Several minutes later, sitting within the circle of Kit’s arm on the sofa lately occupied by Mrs Alperton, she said: ‘Why did you do it, Kit? It seems quite fantastic!’
‘Of course it was – infamous as well! I beg your pardon, even though I can’t be sorry I did it. If I hadn’t come home that night, I might never have known you – or have known you only as Evelyn’s wife!’
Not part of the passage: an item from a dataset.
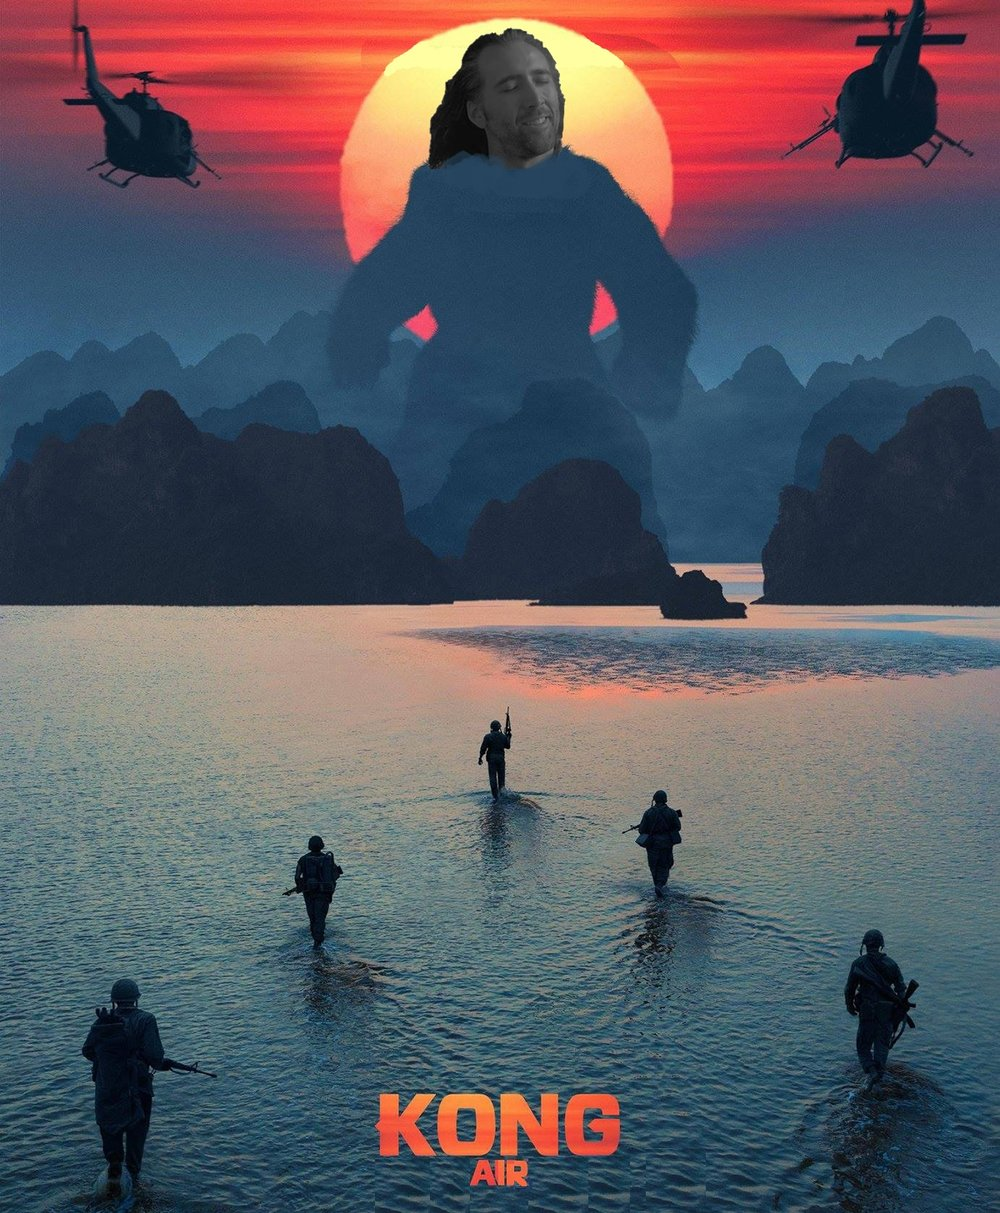 Kong Air Poster.jpg
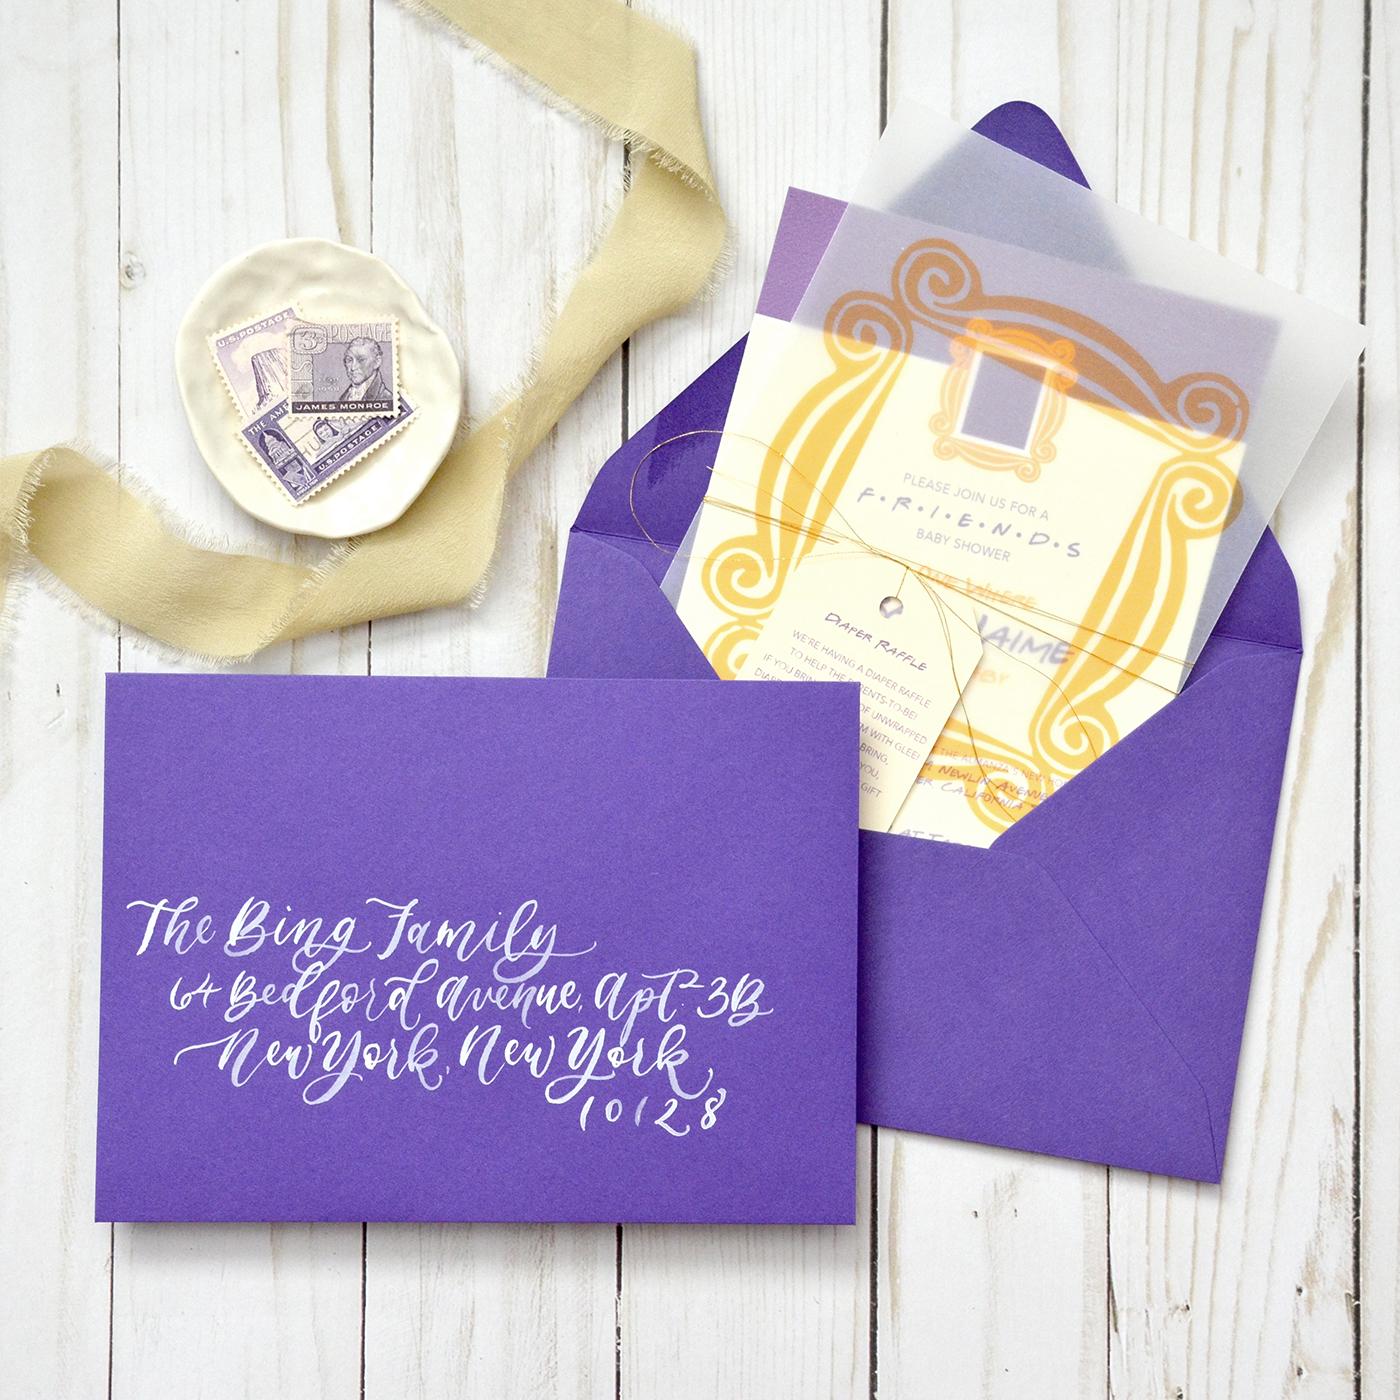 Sam Allen Creates – Friends Themed Baby Shower with Purple Envelope Brush Calligraphy Addressing

This terrible thought caused him to tighten his arm involuntarily. She soothed him by softly kissing his cheek, and by saying, as soon as she had recovered her breath: ‘But I don’t think I should have married Denville. I had so very nearly made up my mind not to when I met you! Then I thought – being so grossly deceived – that perhaps I would, after all. But why was I deceived?’
‘I did it to get Evelyn out of a scrape,’ he confessed. ‘No one but Mama, and Fimber, and Challow knew I wasn’t in Vienna; and in the old days, when we were prime for any lark, we often did exchange identities, and only those who knew us very well ever found us out. So I was pretty certain I could carry it off. But when I took Evelyn’s place at that first dinner-party it was in the belief that it would be for one occasion only. If I had known that I should be obliged to maintain the hoax, nothing would have prevailed upon me to have yielded to Mama’s persuasions!’
Her eyes danced. ‘I knew it! She did persuade you!’
‘Yes, but I must own,’ said Kit scrupulously, ‘that I put the notion into her head – not in the least meaning to do so, but by saying, in a funning way, that if Evelyn didn’t come back in time to attend that party I should be obliged to take his place. Only to make her laugh! You see, I found her in the deuce of a pucker, because Evelyn was still absent, although he had been expected to return to London days earlier. I thought then that he had been delayed by some trifling hitch, so I consented to run that rig, though it went very much against the pluck with me. Can you understand, Cressy? The circumstances – the intolerable slight offered you if Evelyn failed to appear at a gathering assembled to make his acquaintance – !’
‘Indeed I can!’ she responded instantly. ‘I don’t blame you at all – I am even grateful to you for having spared me such a daunting humiliation! What did delay Evelyn?’
‘I don’t k
now.’
She had been leaning against his shoulder, but she sat up at this. ‘You don’t know? But – Where is Evelyn?’
‘I don’t know that either. That’s the devil of it!’ he said frankly. ‘At the outset, I thought merely – not that he had forgotten his engagement in Mount Street, but that he had confused the date of it.’
‘Very likely,’ she agreed. ‘He does forget, you know! People joke him about his shocking memory, and I am acquainted with one hostess who makes it a rule to send him a reminder on the day of her party!’
The rueful smile lit his eyes. ‘Yes, but that’s not it. He has been absent for too long. I think some accident befell him. That’s why I came home in such a bang. I can’t explain that to you, but we do know, each of us, when the other has suffered an injury. He knew it, a year ago, when I broke my leg – not the nature of the accident, but that I had sustained some hurt – and the express I sent him arrived only just in time to stop him posting off to Dover to board the next packet!’
‘I remember,’ she said. ‘Godmama said it was the uncomfortable part of being a twin! And you felt that?’
He frowned slightly. ‘Yes, I did. For several days, I – But it left me, that feeling, so completely that I wondered if my imagination had been playing me false. Something must have happened to him, but it wasn’t a fatal accident, and I don’t think he is any longer troubled in mind.’
‘As he was when he steeled himself to make me an offer?’ said Cressy, unable to resist temptation. ‘Ah, well! I have been for too long at my last prayers to feel the least surprise at that!’
‘Yes, love, indeed!’ agreed Mr Fancot, unhandsomely refusing the gambit. ‘So old cattish as you are!’
‘Odious wretch!’ Her brows drew together. ‘Yes, but I still don’t understand! Having so steeled himself, why did he go away at just that moment?’
‘As far as we know,’ replied Kit carefully, ‘he went to redeem from Lord Silverdale, who was said to be in Brighton, a brooch which my mama had lost to him at play.’